Послѣднія слова Тарханковъ даже прохрипѣлъ сквозь усы.

-- Эй, одѣваться! сердито крикнулъ онъ.

-- Пальто прикажете, или сюртукъ? спросилъ, влетѣвшій въ дверь какъ муха, камердинеръ.

-- Какой ты, братецъ, оселъ. Разумѣется пальто, отвѣчалъ Павелъ Ивановичъ, принимаясь фабрить и расчесывать усы предъ дорожнымъ зеркаломъ.-- Что, поздно воротился вчера Захаръ отъ Палашова?

-- Часу въ двѣнадцатомъ, отвѣчалъ камердинеръ, раскладывая на стулѣ платье.
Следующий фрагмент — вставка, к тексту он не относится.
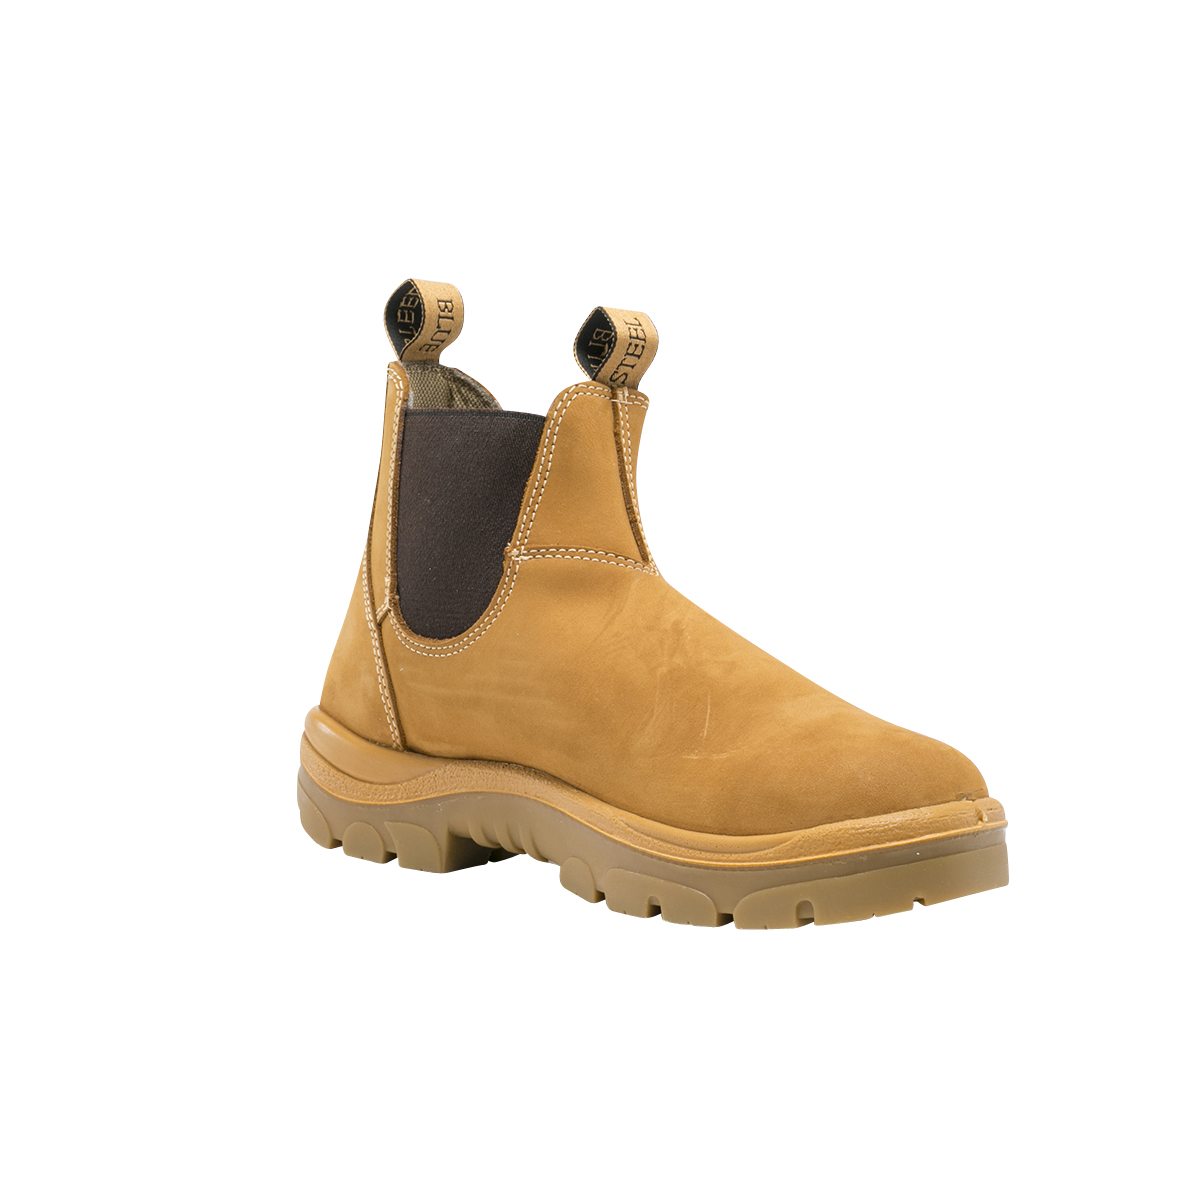 SAFETY BOOT HOBART WHEAT S10 -SLIP ON

-- Послѣ позови его ко мнѣ.

-- Слушаю-съ, отвѣчалъ камердинеръ.

Павелъ Ивановичъ сталъ одѣваться. Пока онъ облекается, мы скажемъ нѣсколько словъ о его только-что удалившемся гостѣ.

Василій Савельевичъ Аристарховъ происходилъ отъ бѣдныхъ родителей духовнаго званія. Онъ былъ извѣстенъ въ Петербургѣ какъ повѣренный по дѣламъ важныхъ господъ; онъ же устраивалъ секретныя свадьбы, приводилъ въ порядокъ разстроенныя дѣла большихъ баръ; это приведеніе дѣлъ въ порядокъ всегда оканчивалось почему-то тѣмъ что хозяева платили Аристархову довольно округленныя суммы по векселямъ, оставаясь, впрочемъ, въ наилучшихъ съ нимъ отношеніяхъ. Бралъ онъ за свои хлопоты дорого, деньгами, имѣніями и даже крѣпостными людьми. Такимъ образомъ онъ нажилъ большое состояніе, купилъ домъ въ Петербургѣ и давалъ деньги въ ростъ за большіе, разумѣется, проценты. Дѣтей у него не было; старушка жена, урожденная какая-то графиня, была совершенною рабой Василья Савельевича. Онъ даже запрещалъ ей кашлять, и больная грудью старушка поминутно сдерживалась, когда мужъ или, вѣрнѣе, властелинъ ея былъ дома. Василій Савельевичъ былъ скупъ, но домъ его отдѣланъ былъ великолѣпно. Одѣтъ онъ тоже былъ всегда по модѣ, держалъ карету съ парою прекрасныхъ рысаковъ. Эта обстановка была нужна ему чтобы брать больше денегъ со своихъ кліентовъ. Говорили что онъ держалъ даже танцовщицу, и содержаніе ея тоже помѣщено было въ условіе, въ видѣ уплаты за ходатайство. Имѣя обширное знакомство, Аристарховъ мастерски умѣлъ подъѣхать къ кому вамъ угодно. Дать вовремя и въ мѣру, кому именно дать, въ этомъ состояло въ то блаженное время все искусство адвоката. Василій Савельевичъ выигралъ такимъ образомъ большое дѣло покойнаго брата Павла Ивановича Тарханова по откупу. Дѣйствуя въ Петербургѣ, онъ нерѣдко ѣздилъ и по губерніямъ, чтобы навести справку, поговорить со вліятельнымъ въ губерніи лицомъ; ѣздилъ, разумѣется, въ тѣхъ случаяхъ, когда дѣло не улаживалось перепиской и стоило свѣчъ. По такому-то дѣлу и теперь онъ прибылъ изъ Петербурга въ губернскій городъ.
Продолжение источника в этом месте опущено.